Presenting: Click Here "Lapsus$"

Podcast Summary

• A law enforcement agency carried out an unexpected hack on Okta: Organizations must stay vigilant and adaptable to respond to evolving cyber threats, even from unconventional sources like law enforcement agencies.

  The cyber threat landscape is constantly evolving, and organizations must be prepared for new and unexpected challenges. In this episode, we heard about a unique hacking incident involving Okta, an identity management platform used by thousands of organizations. The hackers were not a sophisticated nation-state group or a ransomware gang, but an unpredictable and impulsive law enforcement agency. This presented a new kind of challenge for security teams, as there isn't a standard playbook for responding to such incidents. Okta's Regional Chief Security Officer, Brett Winterford, had to act quickly to assess the technical impact and communicate with customers. This incident serves as a reminder that organizations must stay vigilant and adaptable in the face of evolving cyber threats. Vanta, a sponsor of this podcast, offers a centralized platform to help organizations manage and scale their security programs and streamline compliance. As a bonus for Darknet Diaries listeners, Vanta is offering a 20% discount. Visit vanta.com/darknet20 to claim your discount.

• Lapsus Hacking Group: Teenagers with Reckless Hacking Tactics: Teen hackers, known as Lapsus, have been causing chaos by stealing company data and threatening to leak it unless a ransom is paid. Their tactics include various methods to gain access and disinformation campaigns, making it crucial for organizations to stay informed and adapt their security strategies.

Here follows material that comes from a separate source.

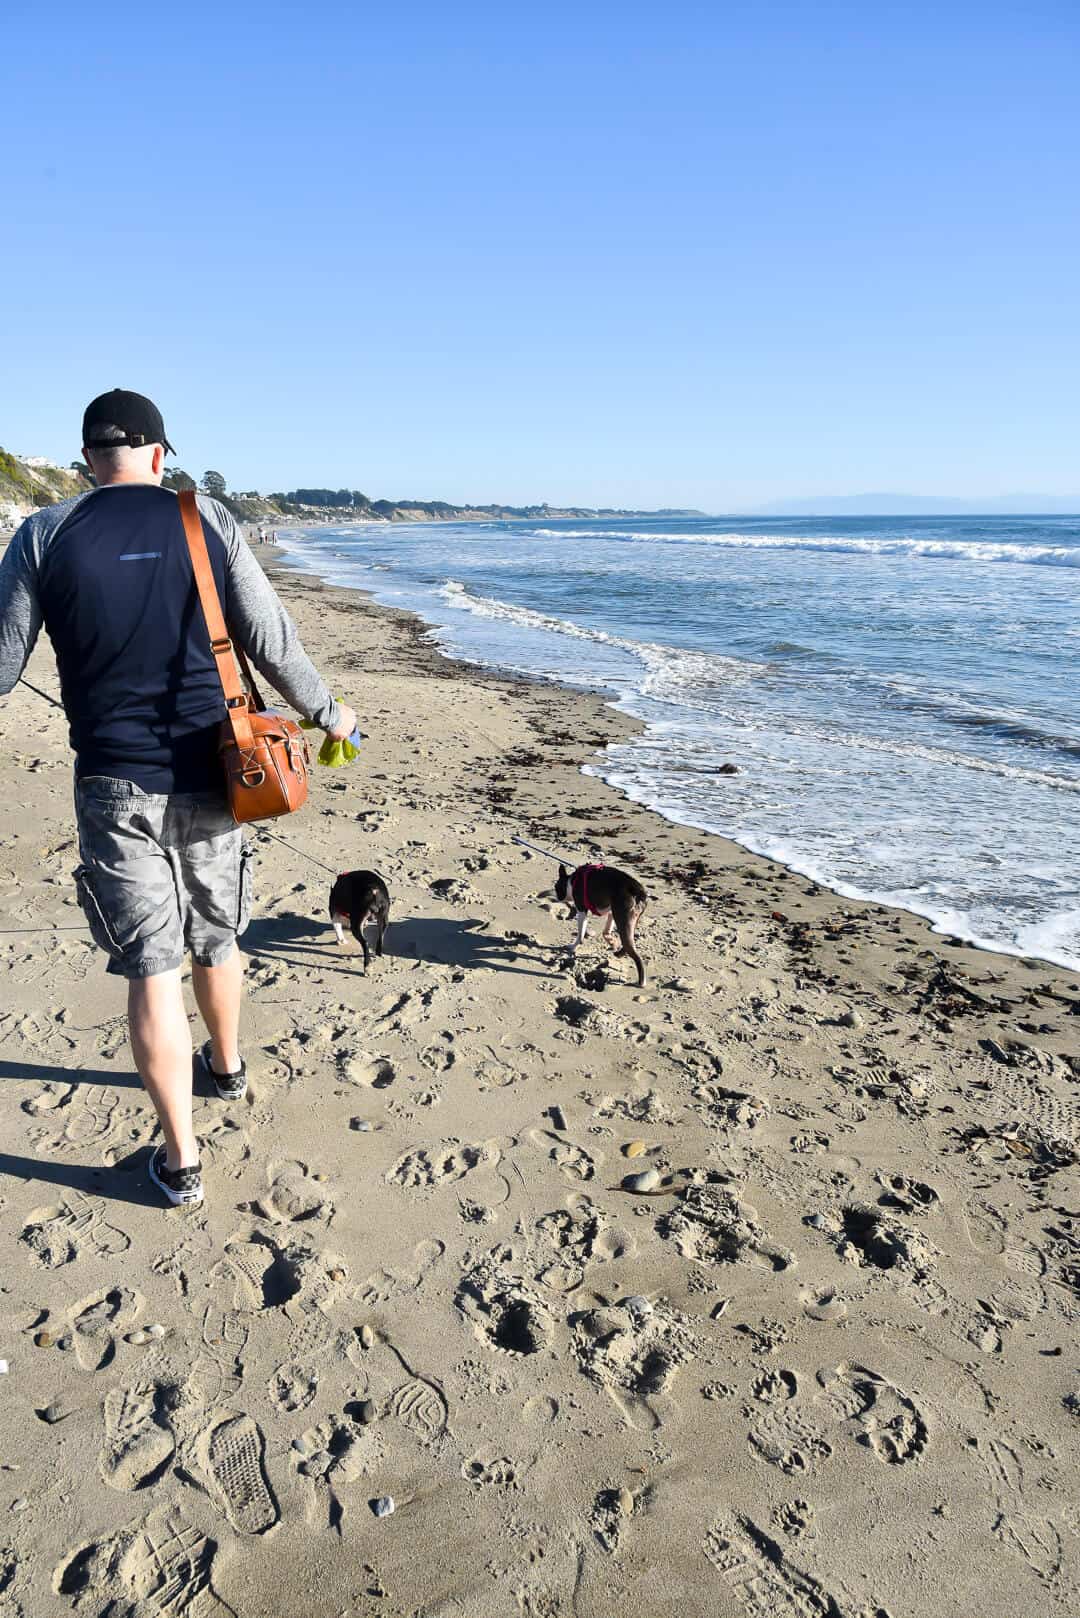 Paul walks the dogs down the beach near the water.
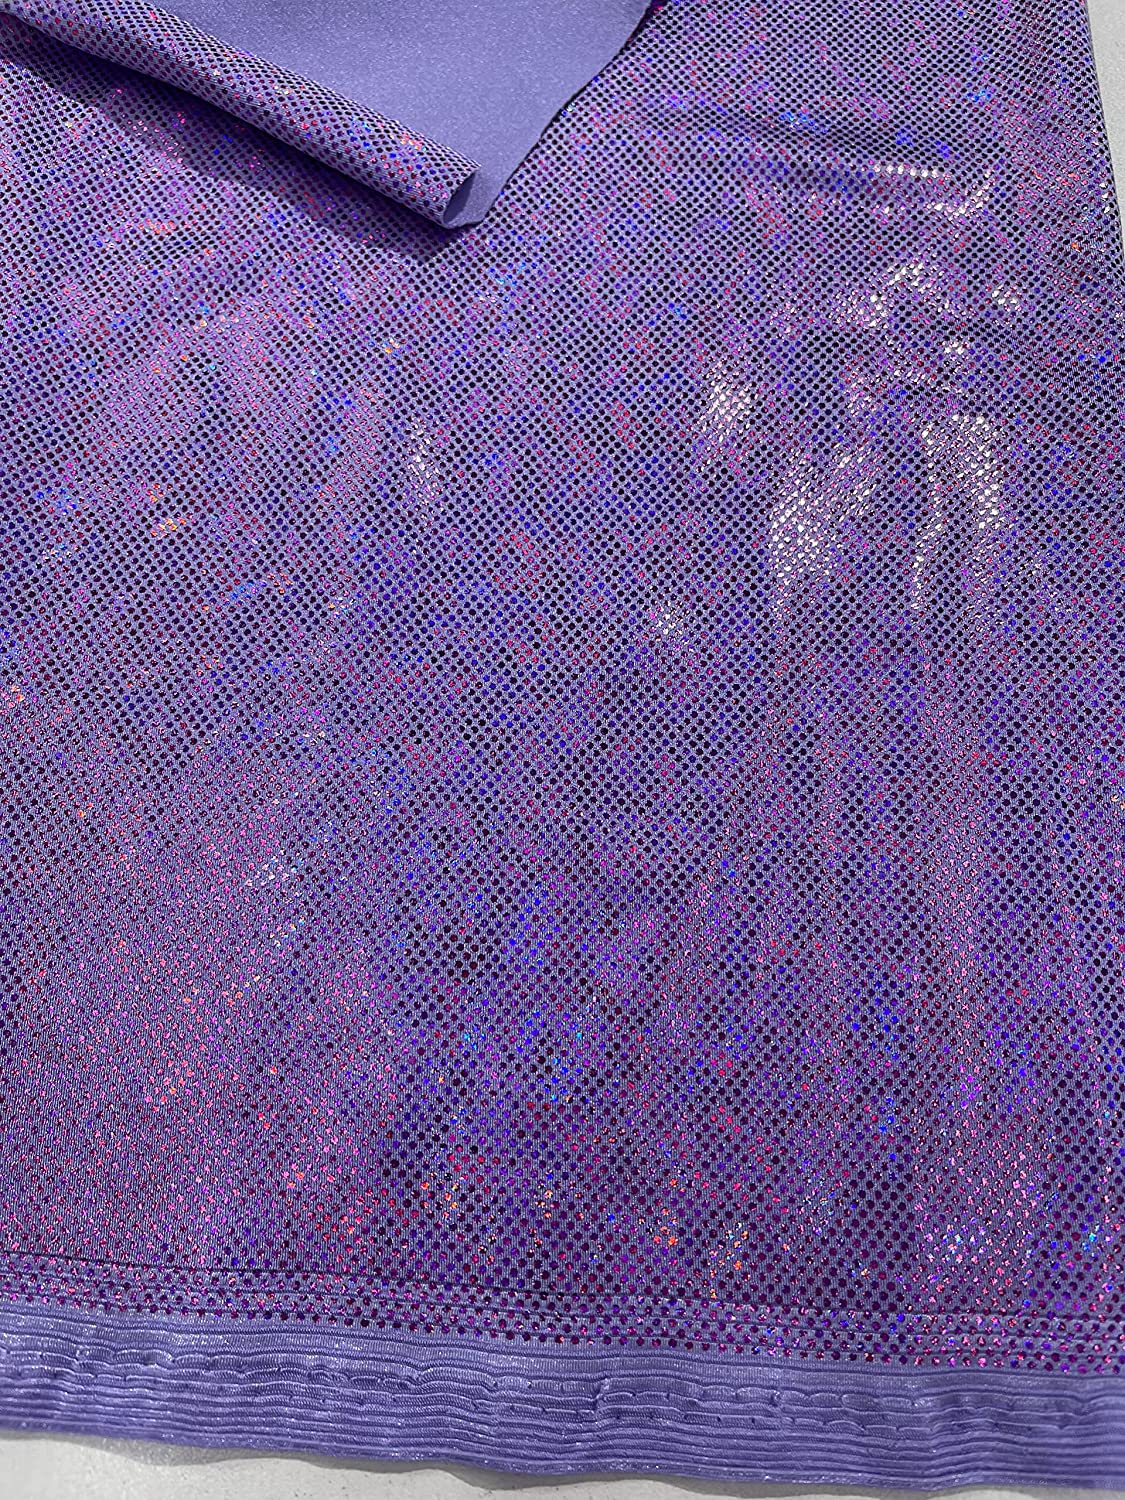 Shattered Glass Foil Iridescent Hologram Dancewear 4 Way Stretch Spandex Nylon Tricot Fabric (1 Yard, Violet)

  The hacking group Lapsus, responsible for numerous high-profile cyberattacks, is made up of teenagers exhibiting an adolescent strategy of reckless hacking for notoriety. This group, which gained notoriety in December 2021, has been stealing company data and threatening to leak it unless a ransom in Bitcoin is paid. They have targeted various industries, including healthcare and technology, and have been particularly interested in obtaining source code. The Okta breach, which was initially reported to be more severe than it actually was, involved the compromise of two Okta accounts, but no significant damage was done. The group's tactics, which include trying various methods to gain access and causing disinformation campaigns, present a significant challenge for companies looking to protect themselves. It is essential for organizations to stay informed about emerging threats and adapt their security strategies accordingly.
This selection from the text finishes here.